Composer: Ciarán Farrell.
Guitar: Damien Kelly.

1. "A Rainy Day in Summer" –Damien Kelly, (guitar/bottleneck).
2. "Dragonfly" –Damien Kelly, (guitar/bottleneck).
3. "Skeleton Man" –Damien Kelly, (guitar/bottleneck).
4. "Lough Allen" –Damien Kelly, (guitar).
5. "Lough Ree" –Damien Kelly, (guitar).
6. "Lough Derg" –Damien Kelly, (guitar).
7. "Air Travel" –Damien Kelly, (guitar/digitaldelay).
8. "Sea Travel" –Damien Kelly, (guitar/digitaldelay).
9. "Land Travel" –Damien Kelly, (guitar/digitaldelay).
10. "Space Travel" –Damien Kelly, (guitar/digitaldelay).
11. "Jolt" –Damien Kelly, (guitar).
12. "Rhapsody" –Damien Kelly, (guitar).
13. "Wild Stream" –Damien Kelly, (guitar).

===Jolt===

Jolt (2011), Farrell Kelly.

Composer: Ciarán Farrell.
Guitar: Damien Kelly.

1. "Wild Stream" –Damien Kelly, (guitar).
2. "Rhapsody" –Damien Kelly, (guitar).
3. "Jolt" –Damien Kelly, (guitar).
4. "Air Travel" (for guitar with digital delay)" –Damien Kelly, (guitar).

===Perfect State===

Perfect State (2007), RTÉ lyric fm

Composer: Ciarán Farrell.

1. "Perfect State" –RTÉ Concert Orchestra conducted by David Brophy
2. "The Shannon Suite" –Craig Ogden, (guitar); Gerard McChrystal, (soprano saxophone)
3. "Around and About" –Sinead Farrell, (flute); Roger Moffat, (vibraphone)
4. "The Pilgrim's Return" –Smith Quartet; and Gerard McChrystal, (soprano saxophone)
5. "Hopkins on Skellig Michael" (Poem by Paddy Bushe) –RTÉ Concert Orchestra, conducted by David Brophy; speaker Barry McGovern

===Pluckblow===

Virtuosos Gerard McChrystal (saxophone) and Craig Ogden (guitar) play an arrangement of Farrell's three-movement work, 'The Shannon Suite' on this release.

===E-Motion===

Guitarist John Feeley plays the original solo guitar version of, 'The Shannon Suite' on this title.

===Shine===

Singer Katie McMahon uses Farrell's song 'Shine' as the title piece for this release.

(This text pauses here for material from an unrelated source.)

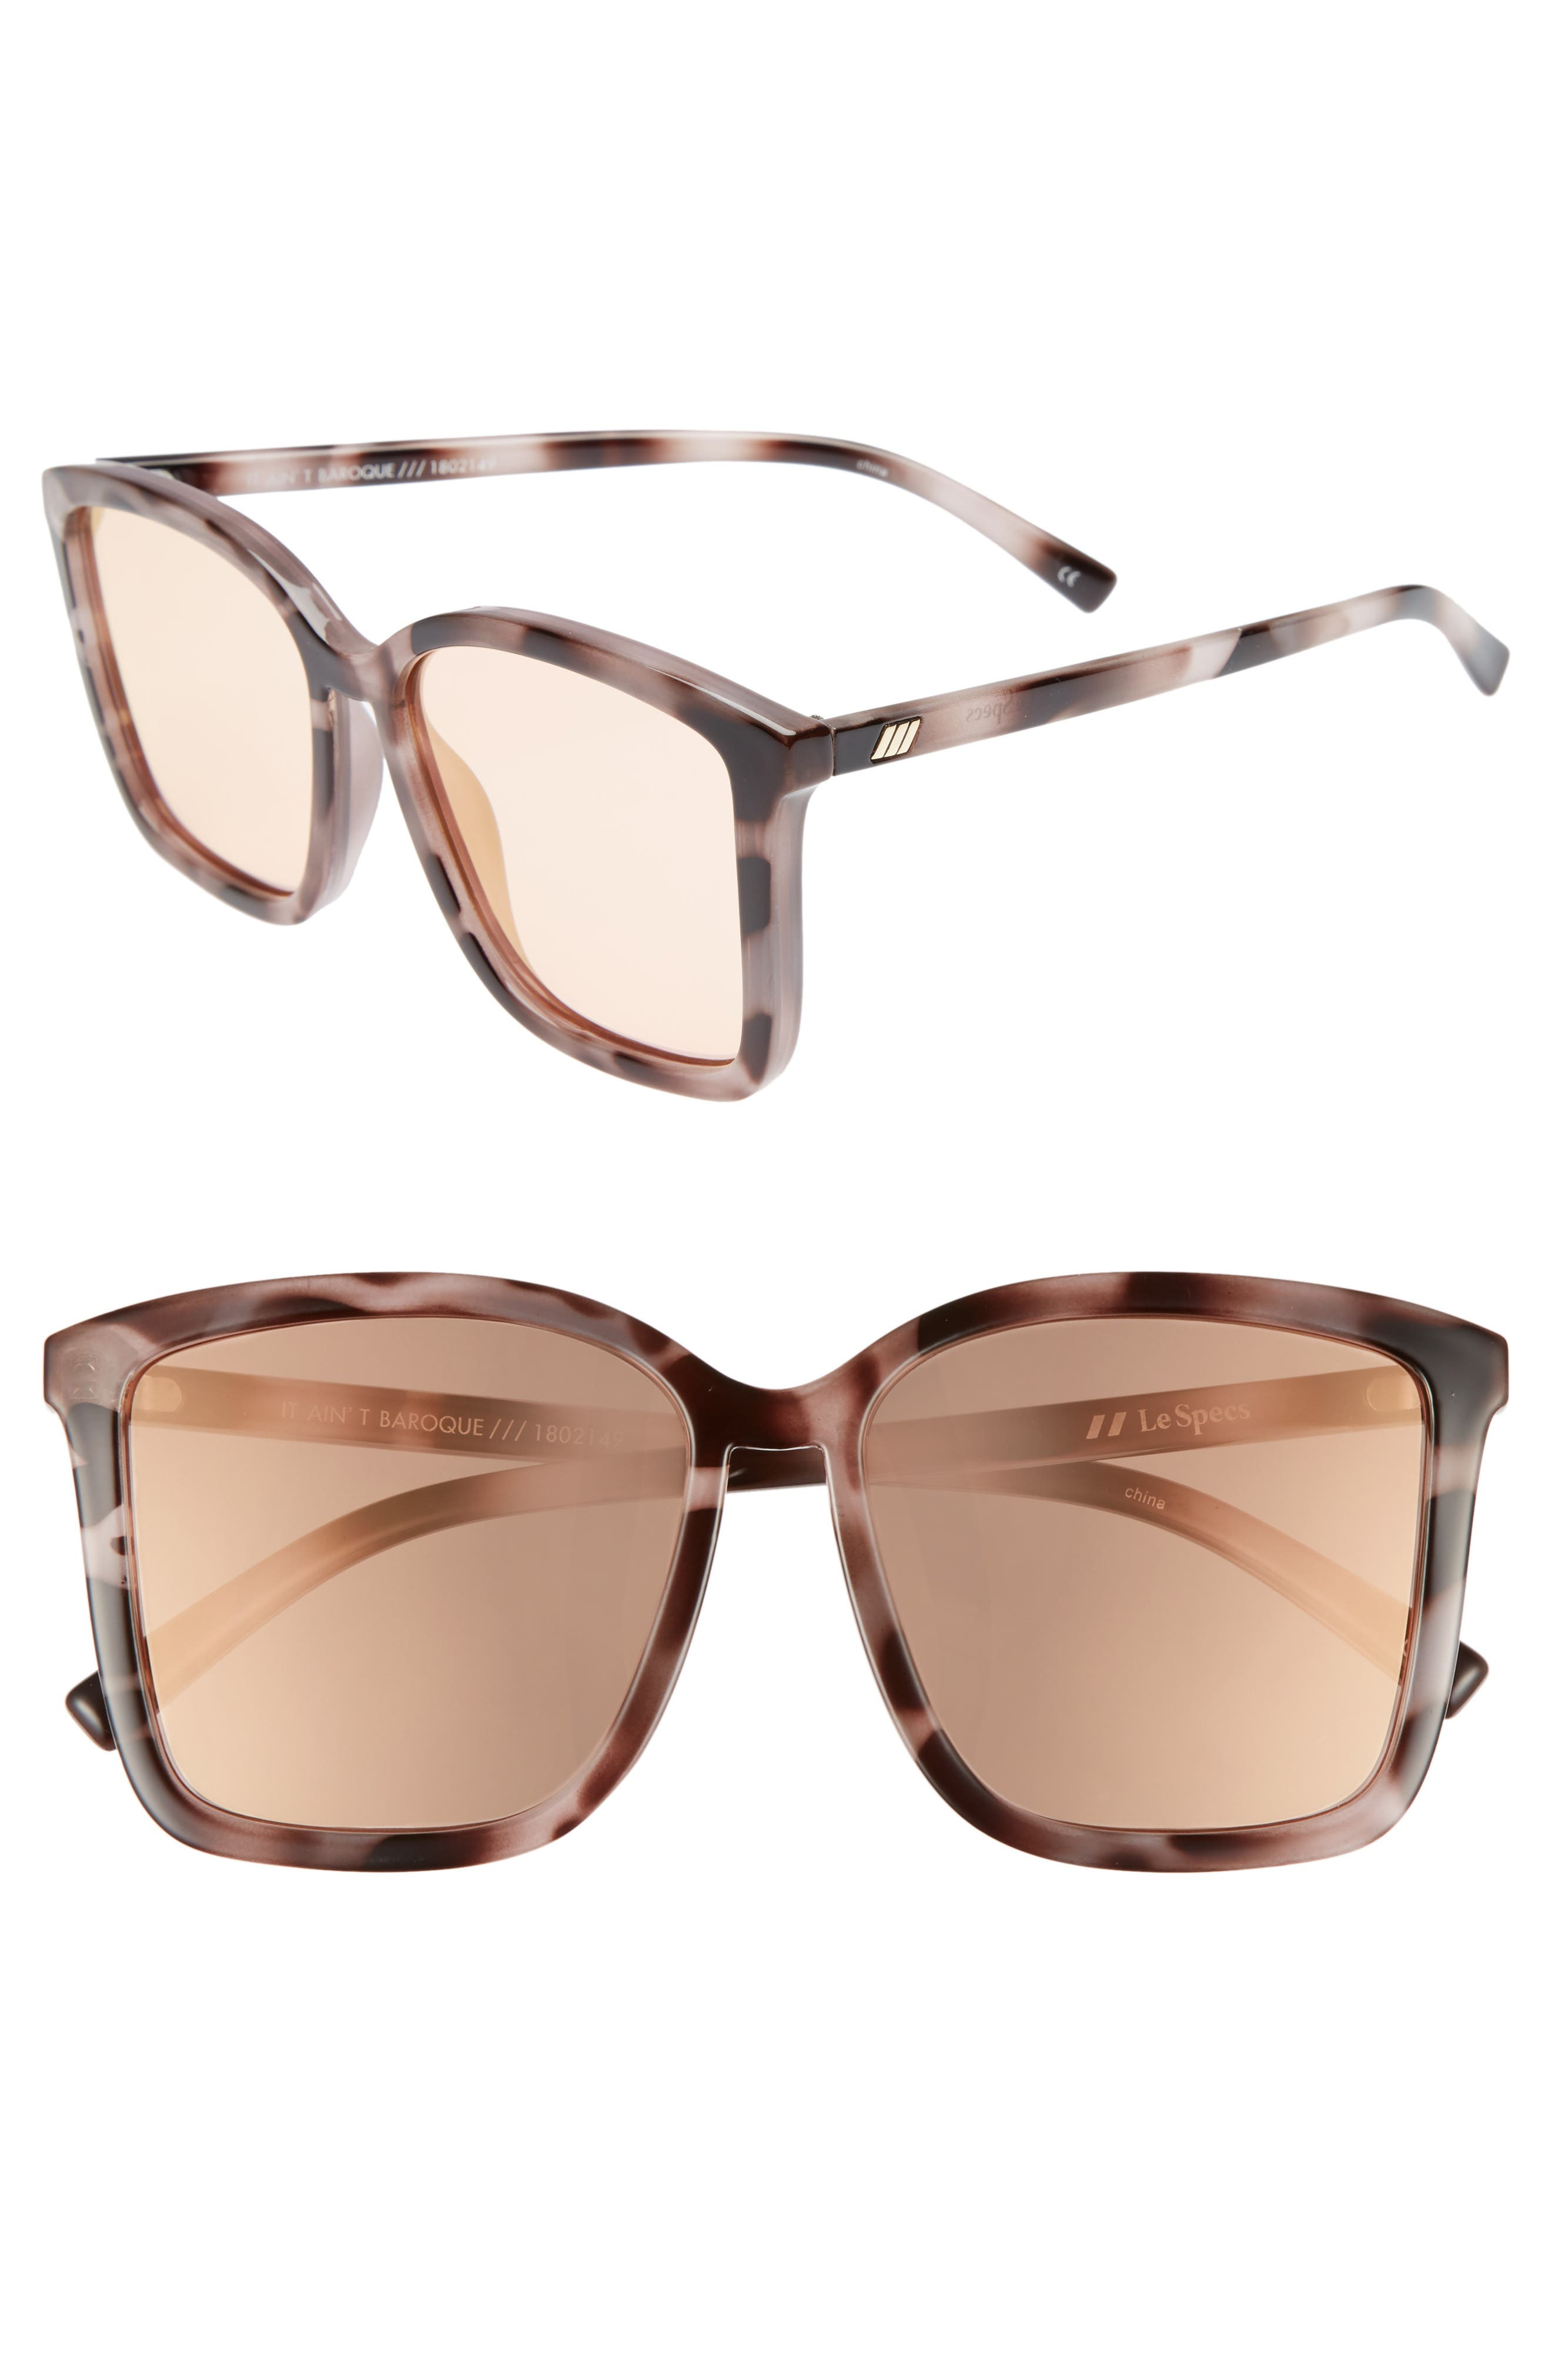 It Ain't Baroque 55mm Sunglasses,                         Main,                         color, APRICOT TORT
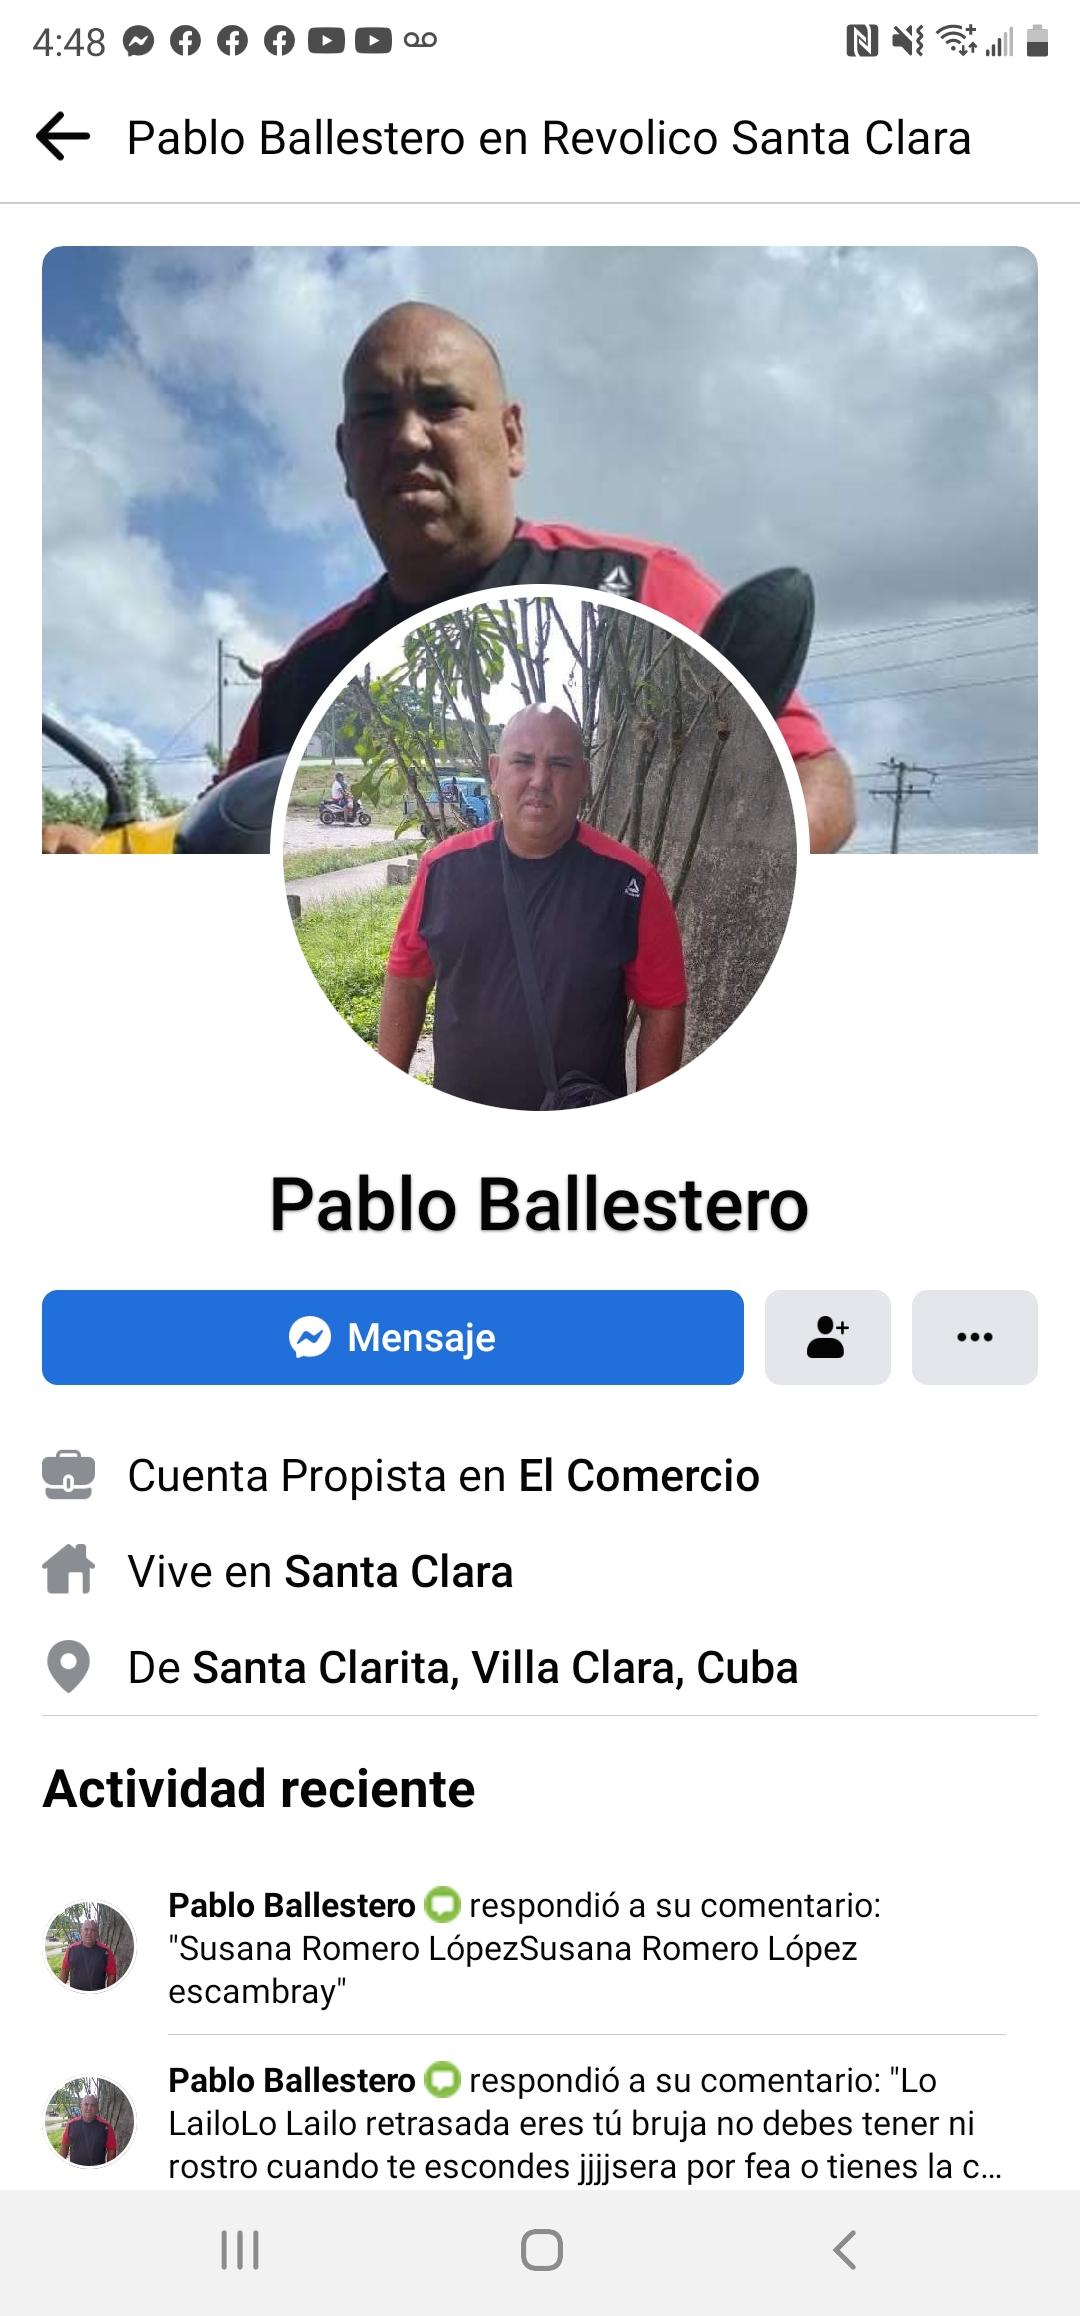 Pablo Ballestero

===Contemporary Music from Ireland – vol. 5===

'Source', from Farrell's seven-movement orchestral work, 'Hopkins on Skellig Michael' is featured on this CD from the Contemporary Music Centre in Dublin. Performed by the RTÉ Concert Orchestra, conducted by David Brophy; speaker Barry McGovern; poem by Paddy Bushe. The full piece can be heard on, Perfect State.